Aujourd'hui, plus personne ne croit cela après l'anarchie assassine qui a succédé aux régimes autoritaires en Irak, Libye, Egypte ... Même en Europe, le populisme la menace, et certains pays comme la Pologne ou la Hongrie menacent de basculer dans l'autoritarisme.

Depuis le XVIIIème s., on avait foi dans le progrès technique, qui devait apporter confort et assistance, en débarrassant les gens des tâches les plus ingrates. Automobile, avion, fusée, téléphone, télévision, électro-ménager, étaient là pour faciliter et enjoliver la vie.
Aujourd'hui l'accélération du progrès technique bouleverse les modes de vie à un rythme insensé, débouchant trop souvent sur des inventions plus profitables à leurs créateurs qu'enrichissantes pour le consommateur. Surtout, l'ère du numérique qui s'ouvre annonce aussi des millions d'emplois supprimés, pour infiniment moins de créations. Pour la première fois, le doute s'installe sur la pertinence d'innovations dont la mise en place n'est maîtrisée par personne, surtout pas par les gouvernants qui ne peuvent que tenter de colmater les brèches.

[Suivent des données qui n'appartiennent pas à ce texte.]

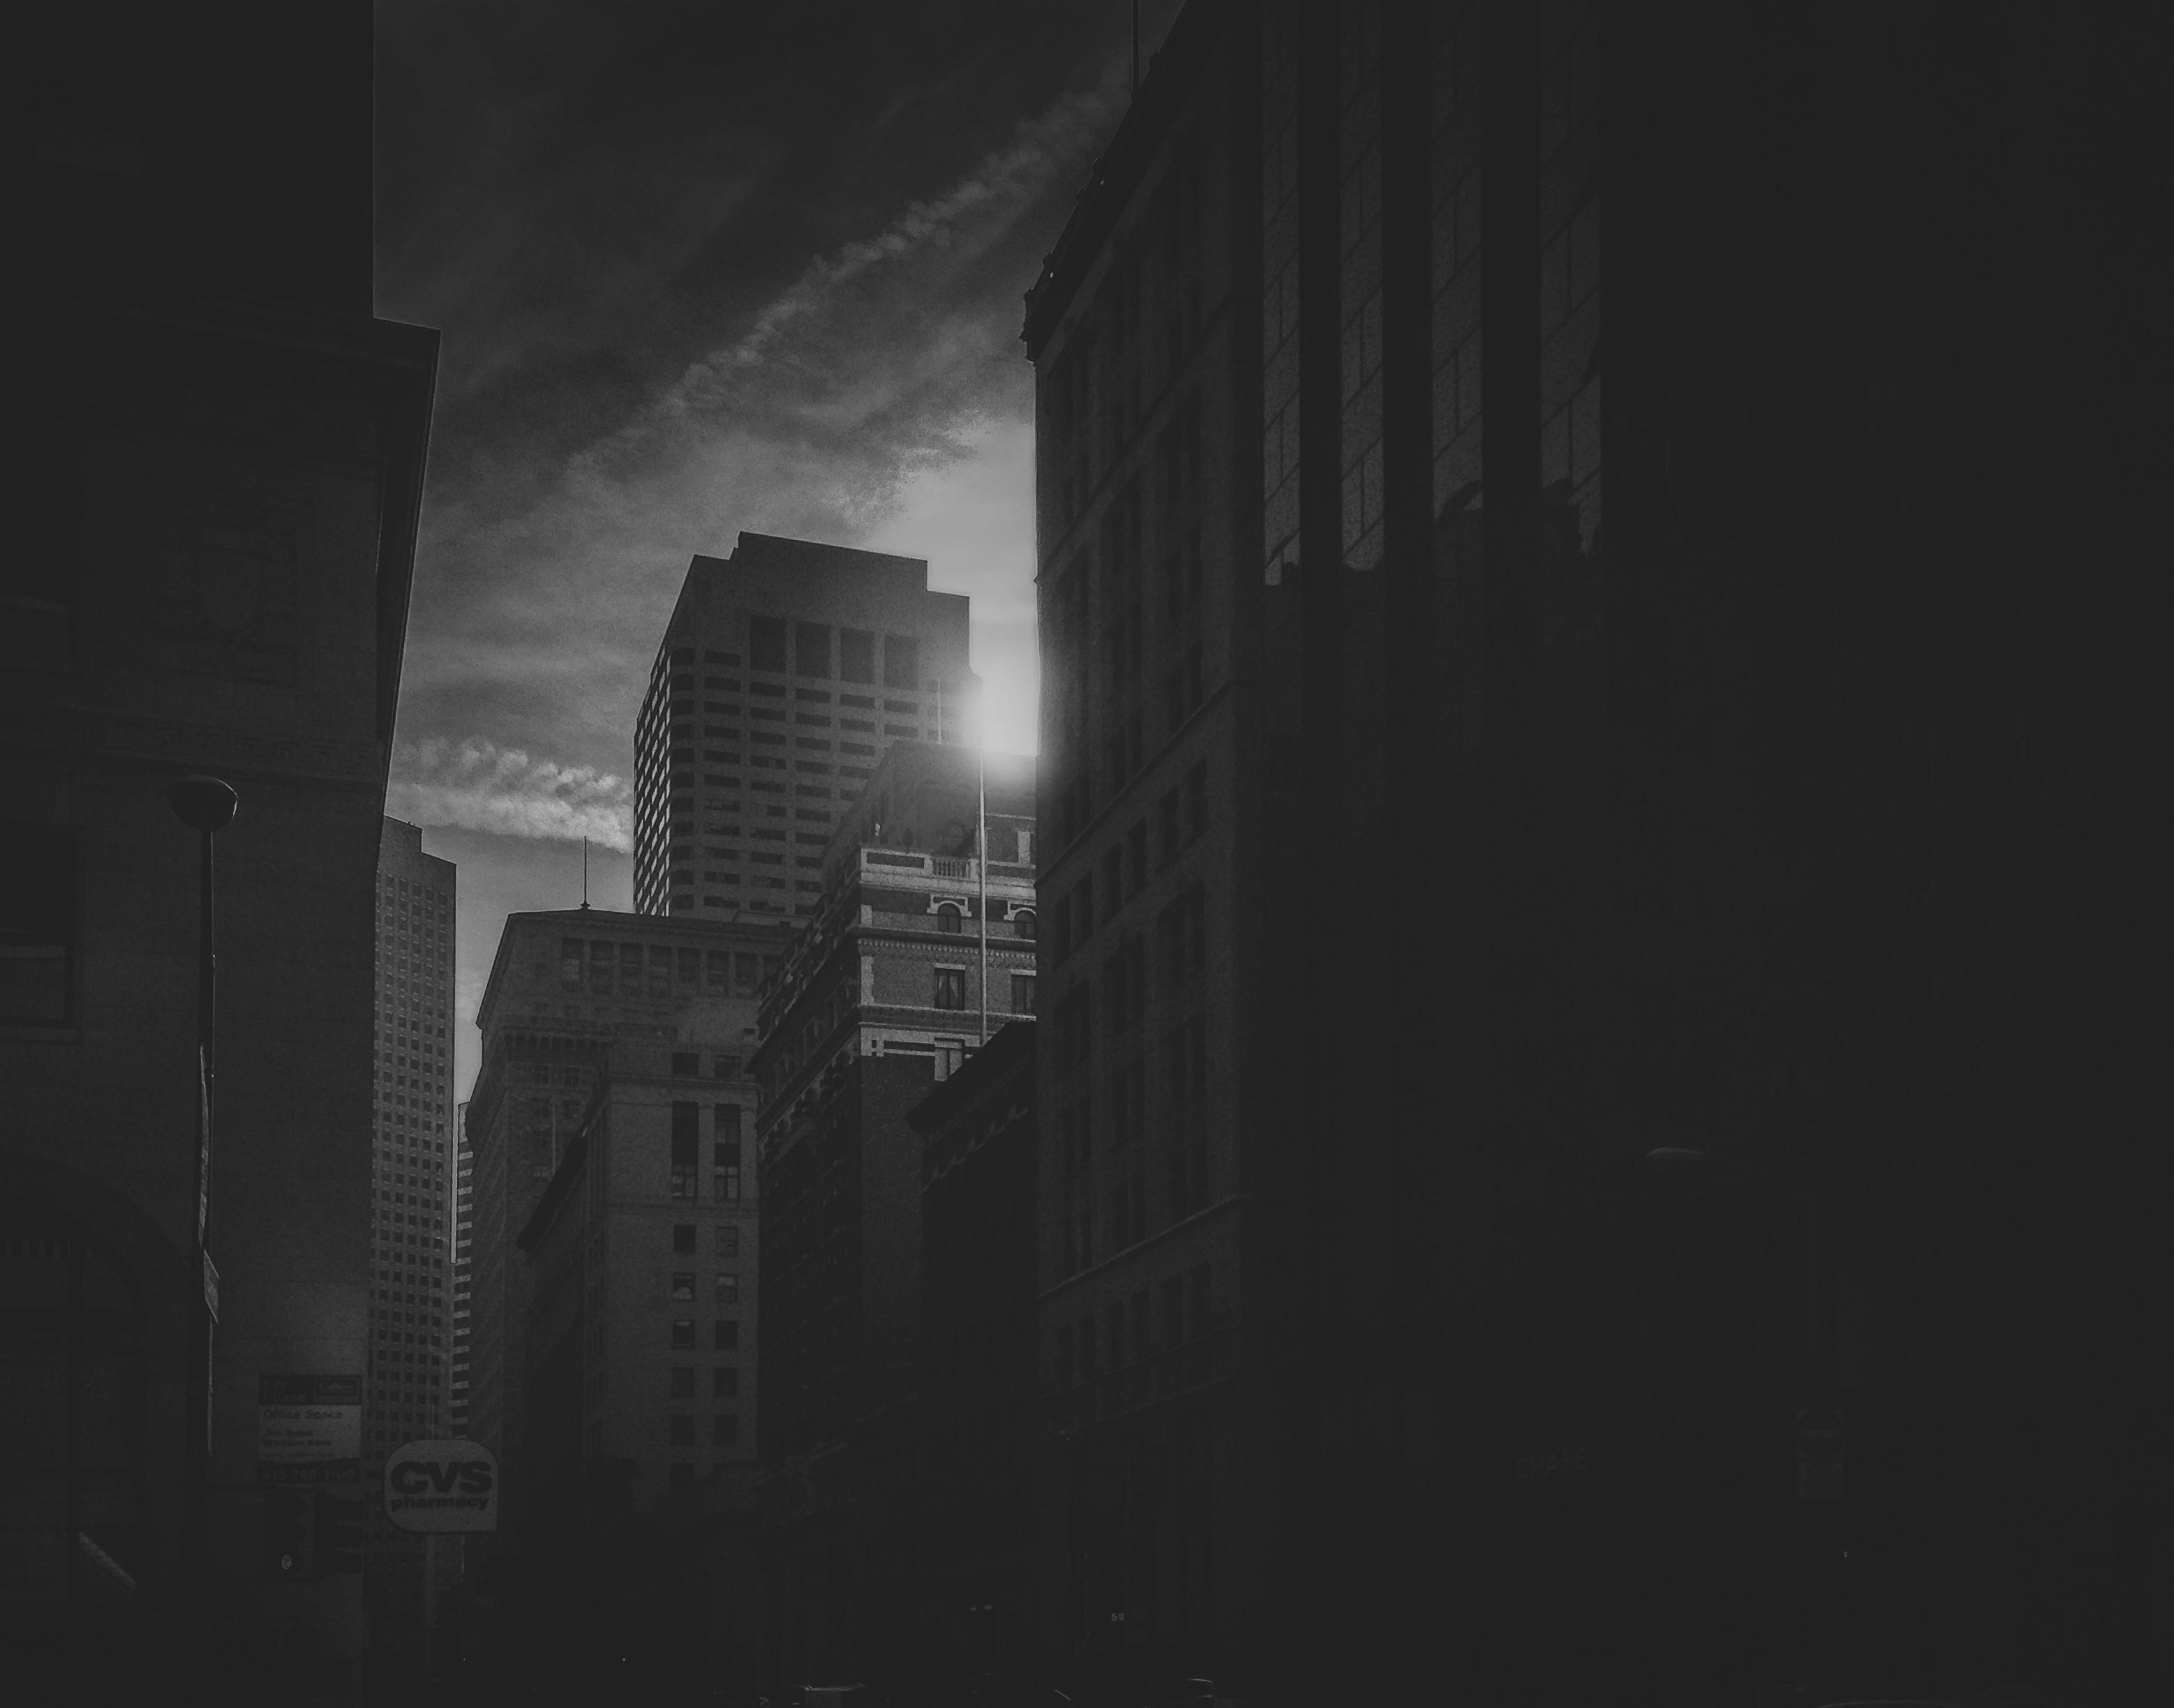 Sanfrancisco California City Sky Urban Blackandwhite Sun Cali Buildings Dark Blackwhite Scary Downtown Glow Glare Skyscrapers

L'avenir a toujours fait peur

A toutes les époques, les anciens ont eu peur de l'avenir, déboussolés qu'ils sont de ne plus reconnaître le monde dans lequel ils ont grandi et prospéré. Sauf qu'aujourd'hui, il ne se trouve plus beaucoup de gens pour croire en l'avenir, si ce n'est les élites de la science et de la finance. Ainsi aux EU, pays plutôt optimiste et confiant en son avenir, on assiste à l'angoisse de la classe moyenne, qui a nécessité qu'Obama pose la question dans son discours de janvier sur l'état de l'Union : "comment faire en sorte que la technologie marche pour nous et non contre nous"
Personne n'a la réponse, et malheureusement cette question essentielle n'est débattue par personne. Les seules voies de l'allongement de la durée du travail ressassée par le Médef et le doublement des dépenses stériles de formation ne peuvent être la réponse aux enjeux.

Il faut redonner du sens

Mettre l'homme au coeur le l'action humaine pour remettre du sens.
Le profit avec ses serviteurs que sont la productivité, la compétitivité, la performance, ne peuvent pas être les seuls moteurs de l'activité des hommes. L'éthique s'est récemment introduite dans les entreprises et les gouvernements. Voilà une raison d'espérer. Mais le chemin est si long, quand on voit que les dirigeants d'industries polluantes et tueuses d'hommes refusent même d'être interrogés par des journalistes. Circulez, il n'y a rien à voir. Le capitalisme règne aujourd'hui en maître, défie les Etats.
Le capitalisme triomphant mène le monde tambour battant, à coup de rachat d'entreprises, gouvernances planétaires, gains de productivité excluant l'homme au profit des machines ... Il n'y a sans doute pas d'alternative au libéralisme économique, mais au capitalisme qui le dénature et broye les hommes, il faut espérer que si.  
Les puissants ne doivent plus concevoir leur politique étrangère dans leur intérêt principal, mais dans celui du monde. Alors qu'il a été le plus guerrier, conquérant et génocidaire, l'Occident a voulu se transformer en donneur de leçons. On en voit le résultat.  
Est-il trop tard?
Il n'y a plus d'idéal, le monde fait l'effet d'une machine emballée que personne ne maîtrise. La science fait des bonds en avant, sans égard aux conséquences que les gouvernements s'efforcent ensuite d'adoucir. Les multi-nationales n'obéissent plus à personne, les Etats se renferment au mieux sur leur égoîsme, au pire sur leur désir de puissance. Le populisme avec ses fausses solutions flotte dans l'air du temps, les fanatismes ont remplacé les rêves des utopistes.
Le monde n'était certes pas meilleur avant, et il vaut mieux être français aujourd'hui qu'hier et avant-hier. Mais la vitesse des changements a rendu obsolètes les voies rassurantes des trentes glorieuses, rendant l'avenir bien incertain.